The default value is 2.
datum_set_spec.size_bytes
, if nonzero, specifies a target size for each set of datums.
Sets may be larger or smaller than size_bytes
, but will usually be
pretty close to size_bytes
in size.
datum_set_spec.chunks_per_worker
, if nonzero, specifies how many datum sets should be
created for each worker. It can’t be set with number or size_bytes.
Scheduling Spec (optional) #
scheduling_spec
specifies how the pods for a pipeline should be scheduled.
scheduling_spec.node_selector
allows you to select which nodes your pipeline
will run on. Refer to the Kubernetes docs
on node selectors for more information about how this works.
scheduling_spec.priority_class_name
allows you to select the prioriy class
for the pipeline, which will how Kubernetes chooses to schedule and deschedule
the pipeline. Refer to the Kubernetes docs
on priority and preemption for more information about how this works.
Pod Spec (optional) #
pod_spec
is an advanced option that allows you to set fields in the pod spec
that haven’t been explicitly exposed in the rest of the pipeline spec. A good
way to figure out what JSON you should pass is to create a pod in Kubernetes
with the proper settings, then do:
kubectl get po/<pod-name> -o json | jq .spec
this will give you a correctly formated piece of JSON, you should then remove the extraneous fields that Kubernetes injects or that can be set else where.

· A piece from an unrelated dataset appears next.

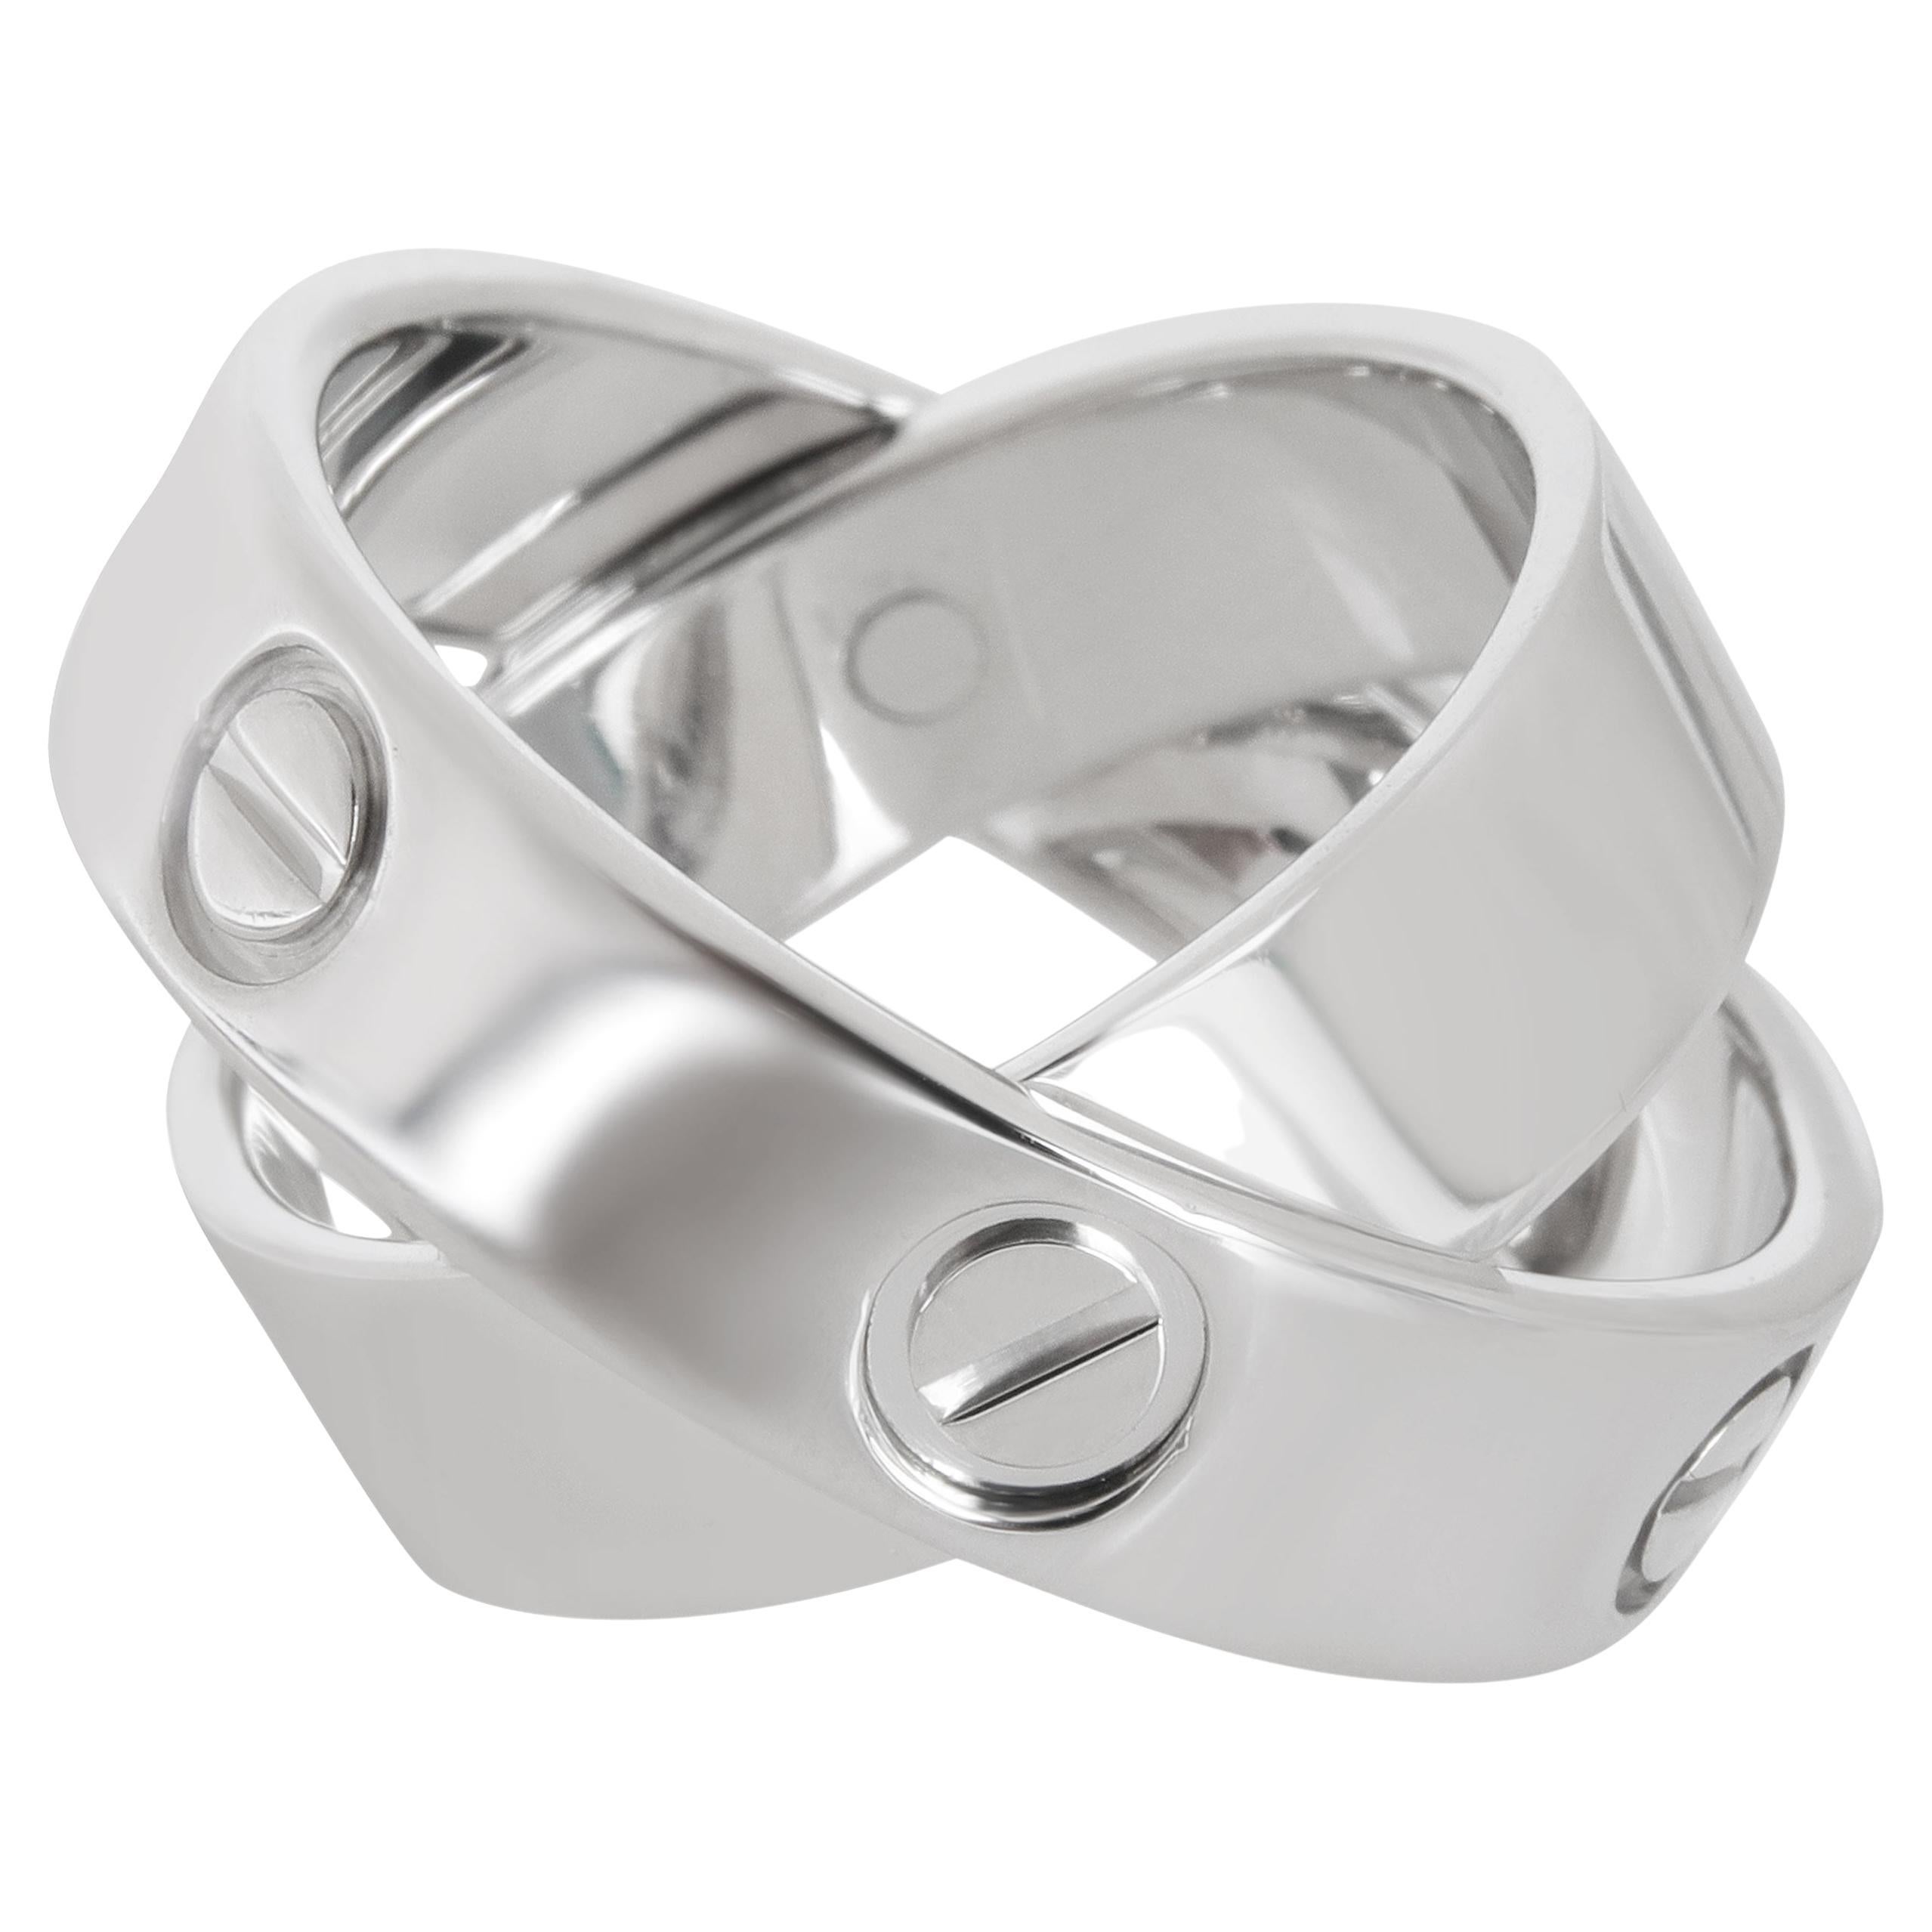 Cartier Love Ring in 18K White Gold

The JSON is applied after the other parameters for the pod_spec
have already
been set as a JSON Merge Patch. This
means that you can modify things such as the storage and user containers.
Pod Patch (optional) #
pod_patch
is similar to pod_spec
above but is applied as a JSON
Patch. Note, this means that the
process outlined above of modifying an existing pod spec and then manually
blanking unchanged fields won’t work, you’ll need to create a correctly
formatted patch by diffing the two pod specs.
The Input Glob Pattern #
Each PFS input needs to specify a glob pattern.
Pachyderm uses the glob pattern to determine how many “datums” an input
consists of. Datums are the unit of parallelism in Pachyderm.
Per default,
Pachyderm auto-scales its workers to process datums in parallel.
You can override this behaviour by setting your own parameter
(see Distributed Computing).
PPS Mounts and File Access #
Mount Paths #
The root mount point is at /pfs
, which contains:
/pfs/input_name
which is where you would find the datum.- Each input will be found here by its name, which defaults to the repo name if not specified.
/pfs/out
which is where you write any output.